**AIM OF THE TASK**
Output the data unchanged and complete, minus the images.

**DATASET SECTION**
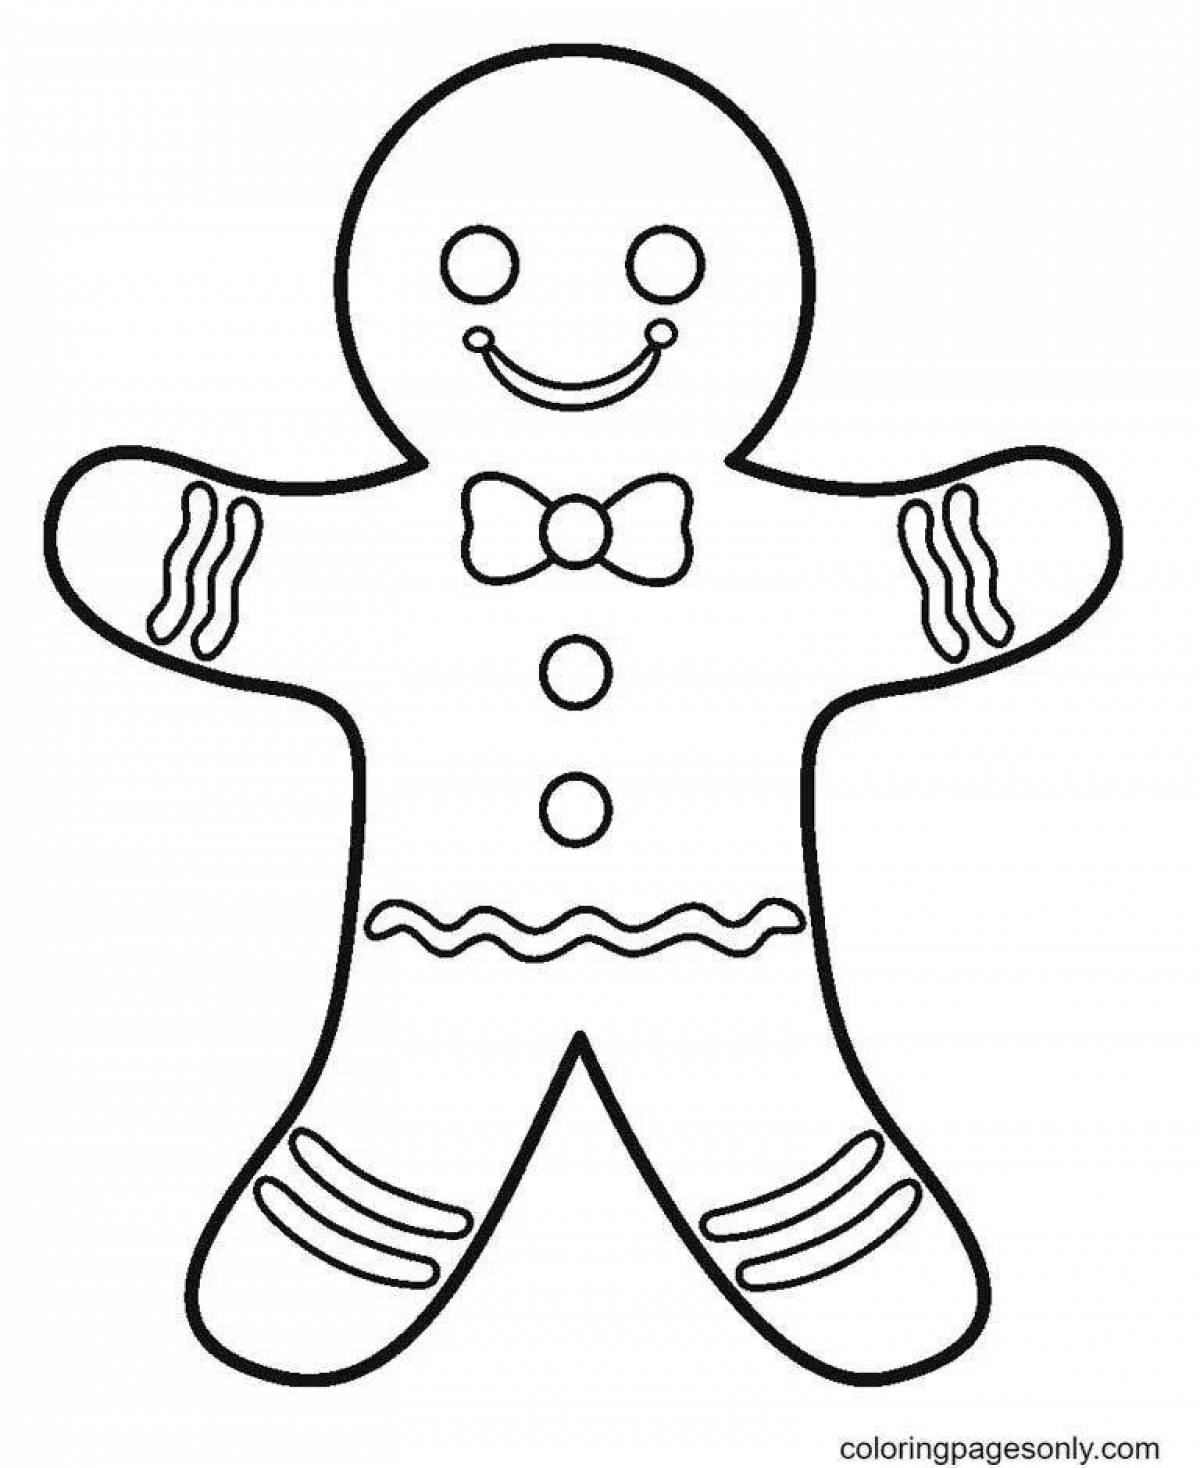 Gingerbread man #1
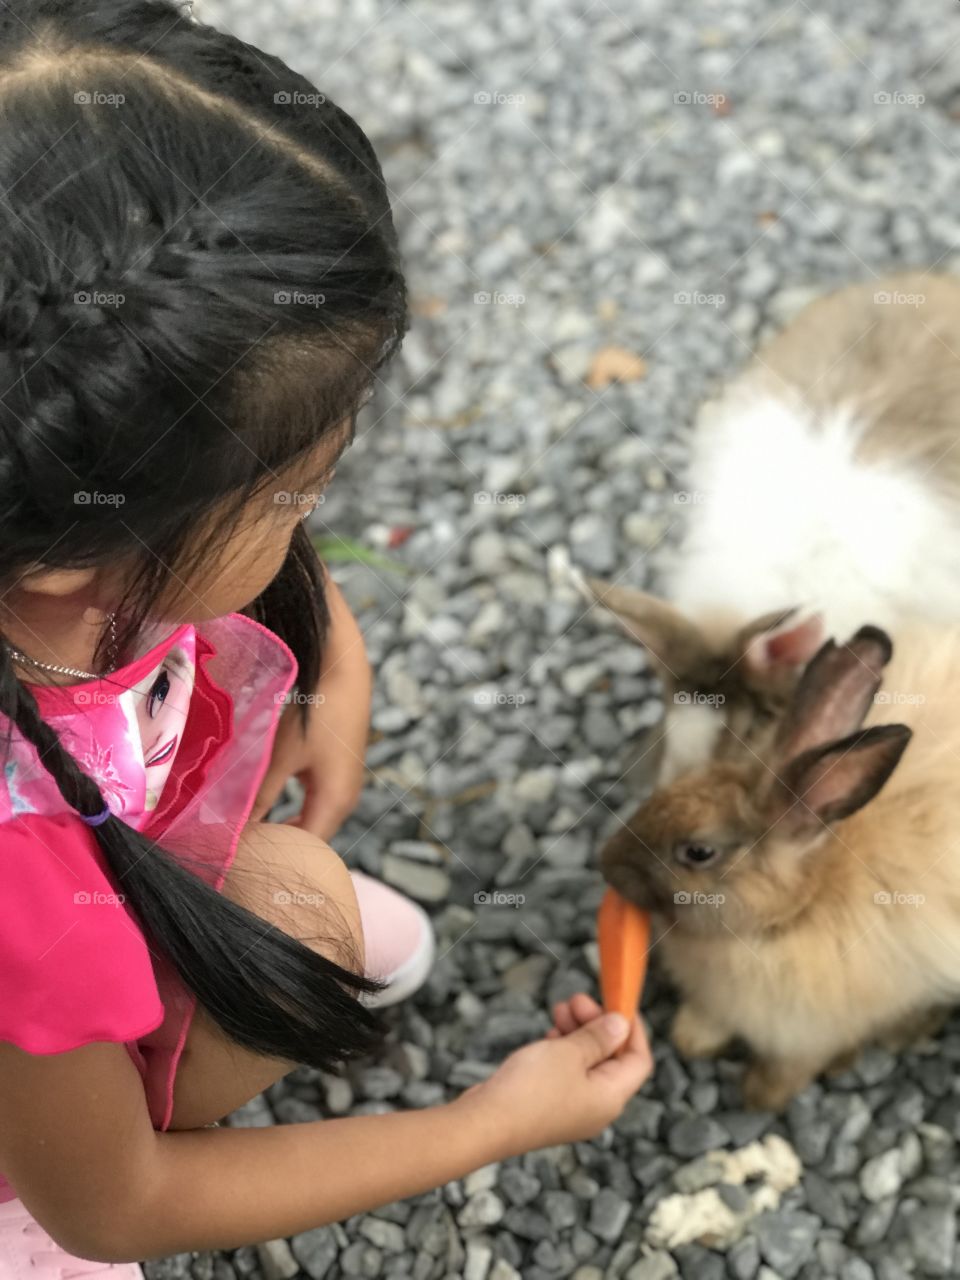 Feeding a rabbit.
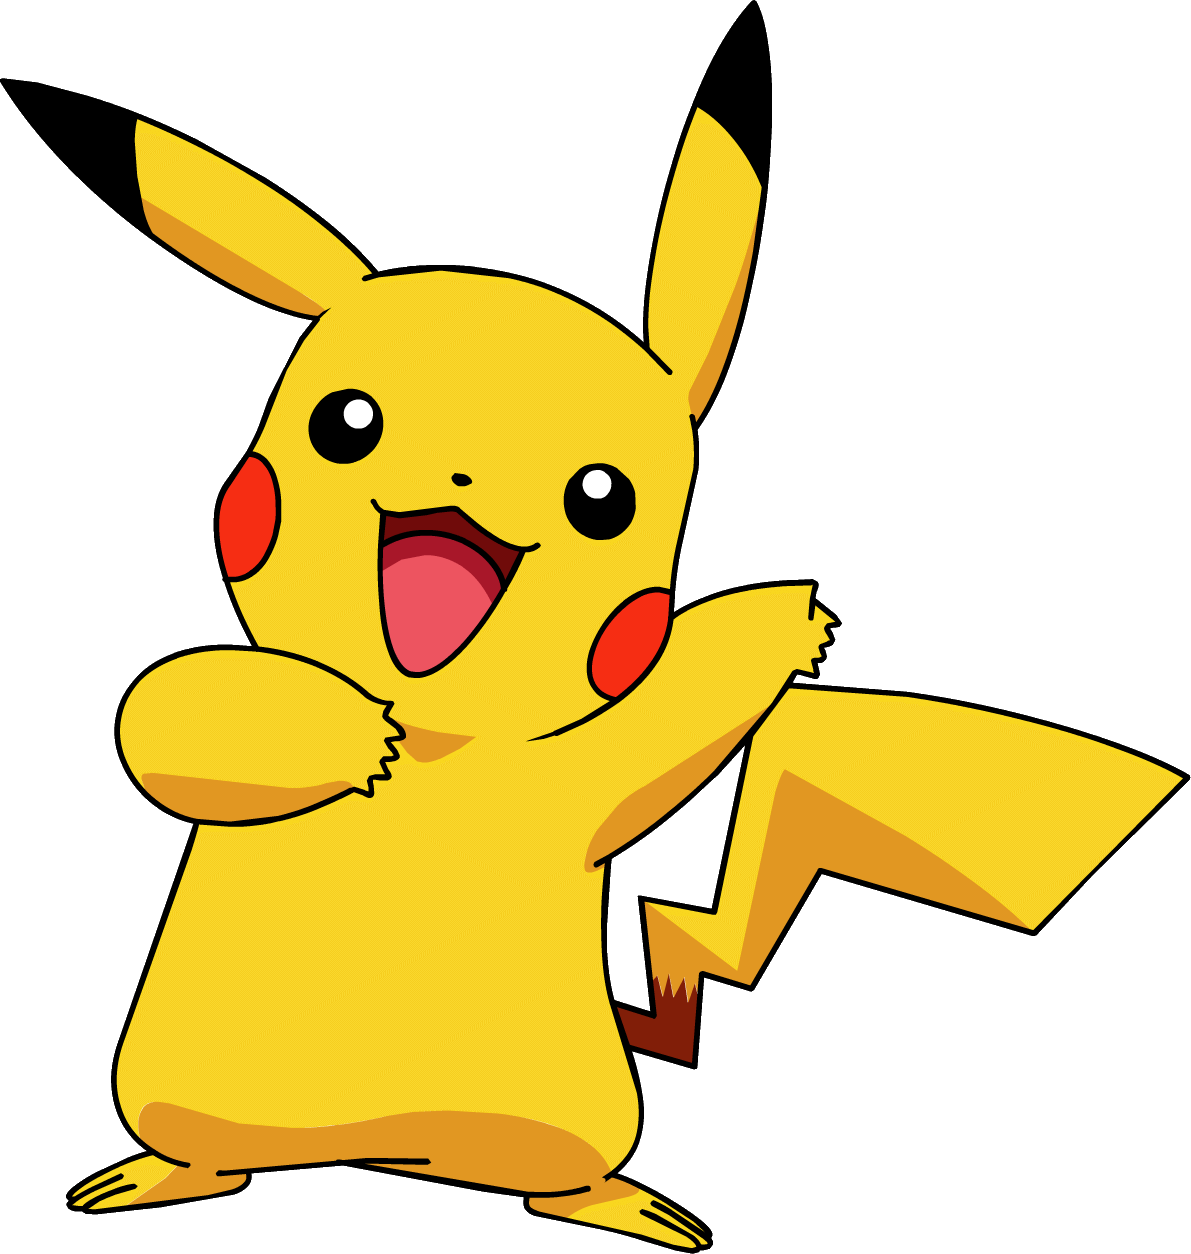 Pikachu Pokemon PNG images
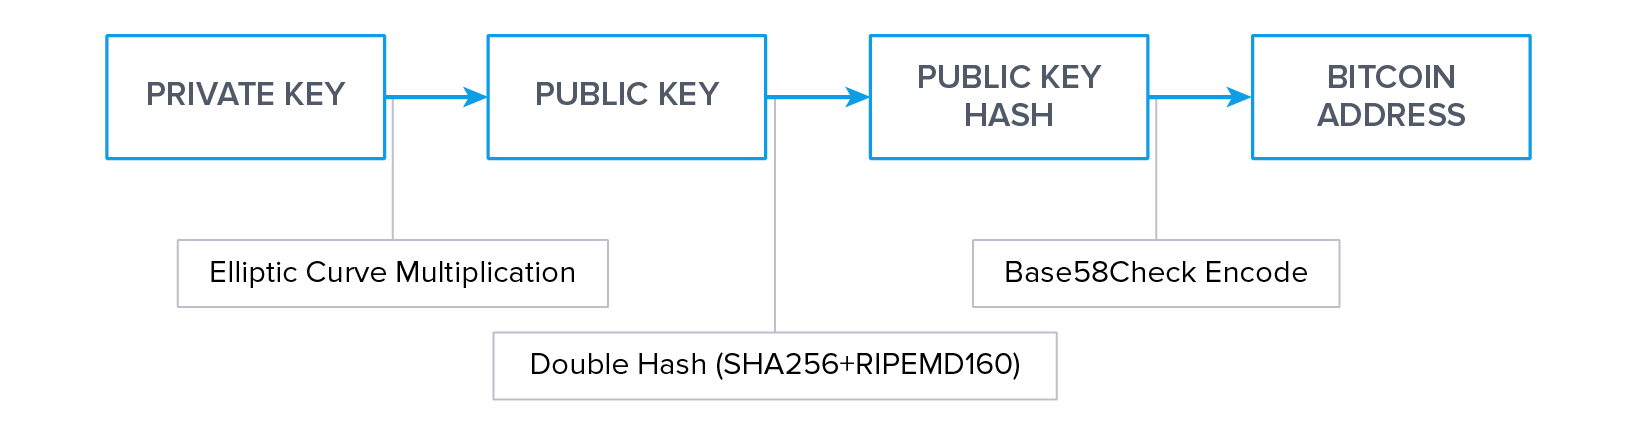 Bitcoin generate public key from private key 0.00114481 btc value

**SOLUTION TO THIS TASK**
 Gingerbread man #1
 Feeding a rabbit.
 Pikachu Pokemon PNG images
 Bitcoin generate public key from private key 0.00114481 btc value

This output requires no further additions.